Based on: [langchain-kuzu package](https://pypi.org/project/langchain-kuzu/)

In [1]:
# A default setup cell.
# It imports environment variables, define 'devtools.debug" as a buildins, set PYTHONPATH, and code auto-reload
# Copy it in other Notebooks


from dotenv import load_dotenv
from rich import print

load_dotenv(verbose=True)
%load_ext autoreload
%autoreload 2
%reset -f

# cSpell: disable

## Import Required Libraries

Key components we'll use:
- `kuzu`: Graph database engine
- `LLMGraphTransformer`: Converts text to graph structure
- `KuzuGraph`: LangChain wrapper for KuzuDB
- `KuzuQAChain`: Handles graph-based question answering
- `CytoscapeWidget`: For graph visualization

In [2]:
import kuzu
from genai_tk.core.llm_factory import get_llm
from ipycytoscape import CytoscapeWidget
from langchain_core.documents import Document
from langchain_experimental.graph_transformers import LLMGraphTransformer
from langchain_kuzu.chains.graph_qa.kuzu import KuzuQAChain
from langchain_kuzu.graphs.kuzu_graph import KuzuGraph
from langchain_openai import ChatOpenAI

## Build the Knowledge Graph

We'll create a graph from text by:
1. Defining allowed node types (Person, Company, Location)
2. Specifying allowed relationships between them
3. Using an LLM to extract entities and relationships
4. Storing the structured graph in KuzuDB

The example text contains facts about Apple's CEO and headquarters location.

In [3]:
DB = "/tmp/test_db4"
MODEL_ID = None
llm = get_llm(llm_id=MODEL_ID)

# llm = ChatOpenAI(model="gpt-4o-mini", temperature=0)
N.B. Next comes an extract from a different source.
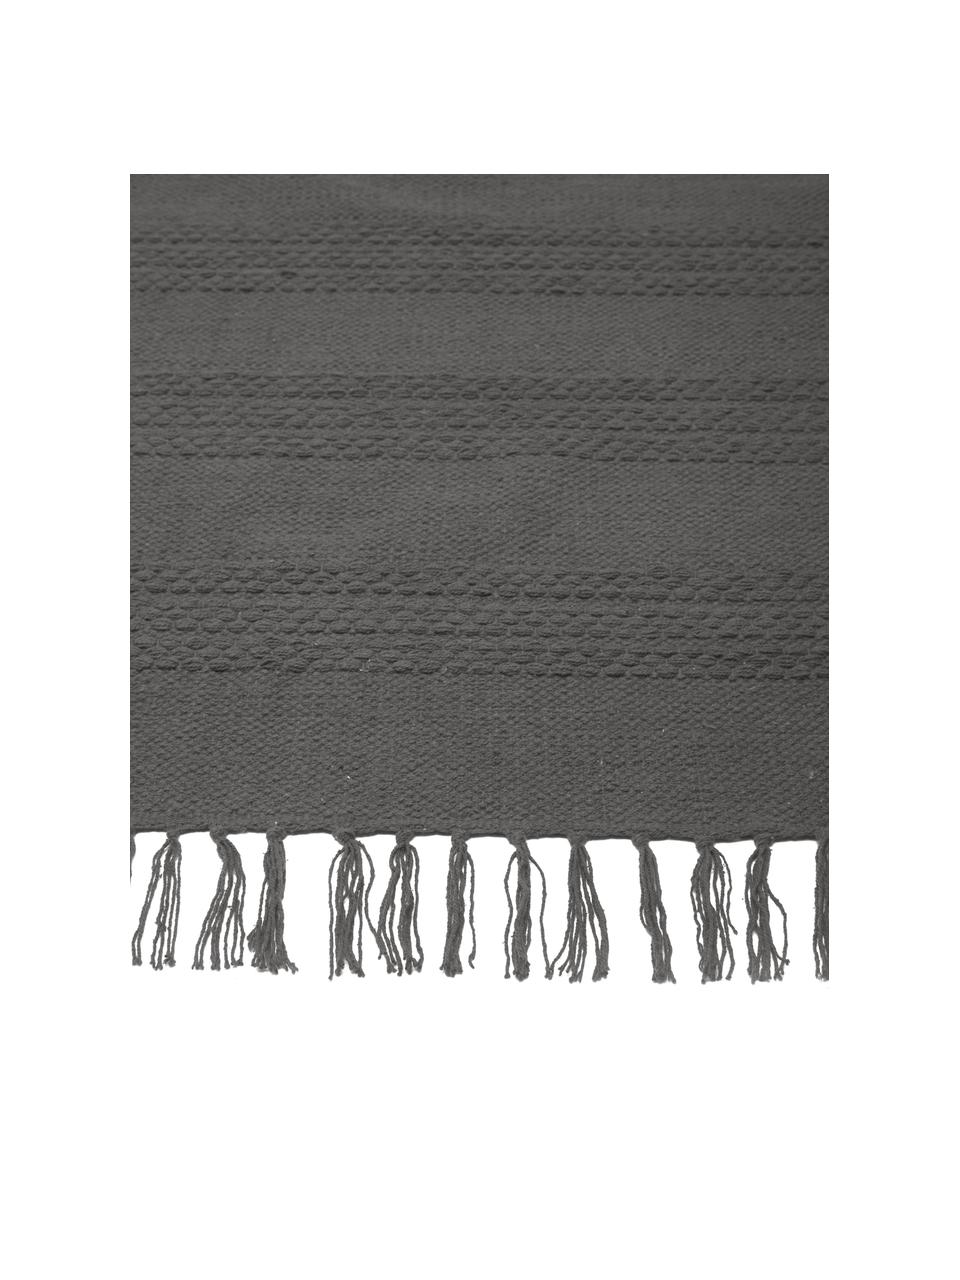 Baumwollteppich Tanya mit Ton-in-Ton-Webstreifenstruktur und Fransenabschluss, 100% Baumwolle, Dunkelgrau, B 200 x L 300 cm (Größe L)
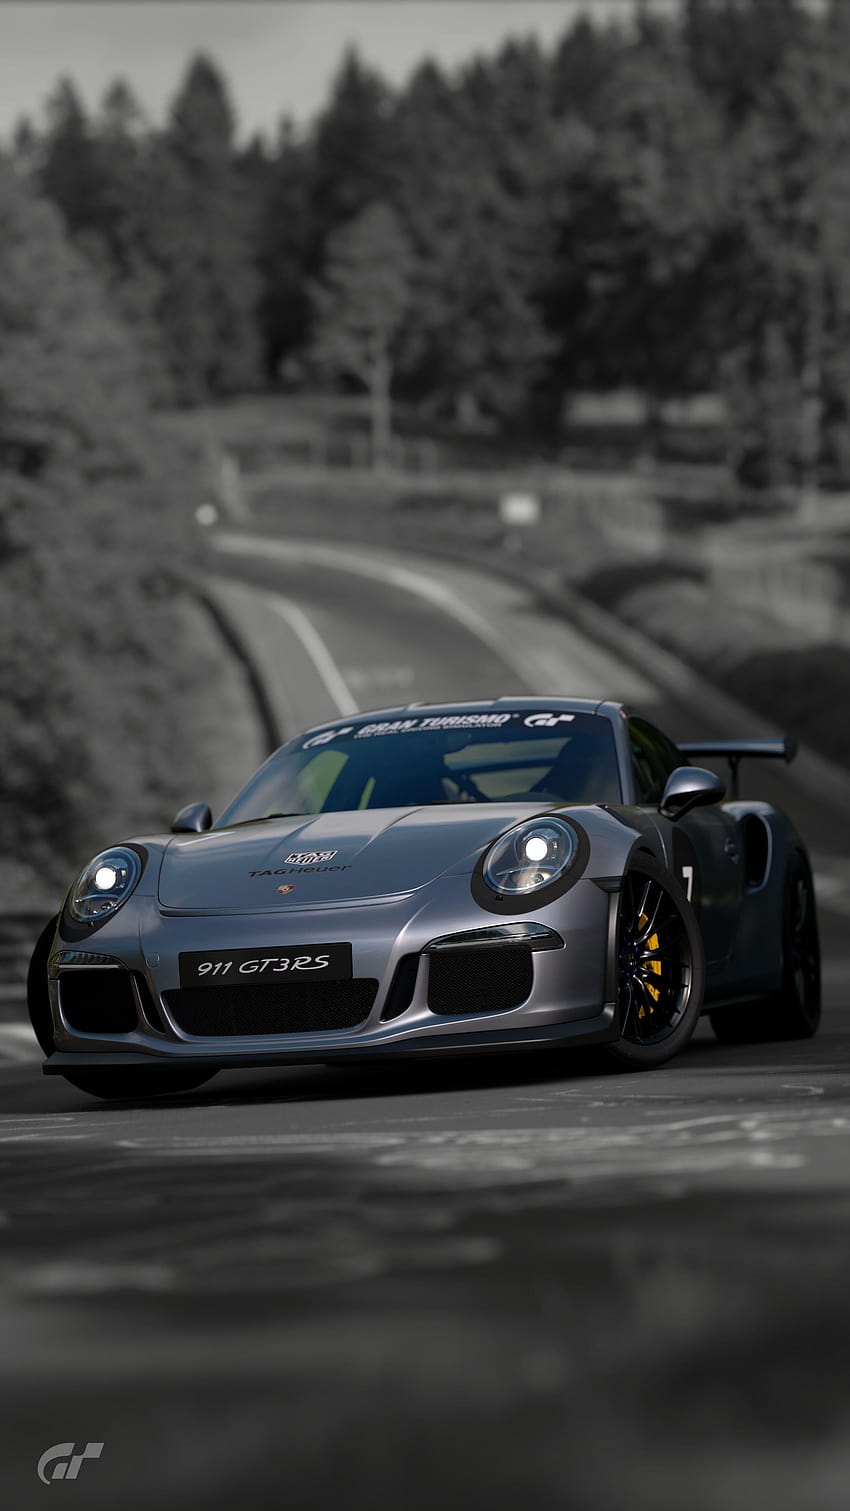 Porsche Gt3 Rs Screensaver, & backgrounds, porsche gt2 rs iphone HD phone wallpaper

text = "Tim Cook is the CEO of Apple. Apple has its headquarters in California."

if True:  # ne schema
    allowed_nodes = ["Person", "Company", "Location"]
    allowed_relationships = [
        ("Person", "IS_CEO_OF", "Company"),
        ("Company", "HAS_HEADQUARTERS_IN", "Location"),
    ]
    # Define the LLMGraphTransformer
    llm_transformer = LLMGraphTransformer(
        llm=llm,
        allowed_nodes=allowed_nodes,
        allowed_relationships=allowed_relationships,
    )

    # Convert the given text into graph documents
    documents = [Document(page_content=text)]
    graph_documents = llm_transformer.convert_to_graph_documents(documents)
    db = kuzu.Database(DB)
    graph = KuzuGraph(db, allow_dangerous_requests=True)

    # Add the graph document to the graph
    graph.add_graph_documents(
        graph_documents,
        include_source=True,
    )
else:
    print("load {DB}")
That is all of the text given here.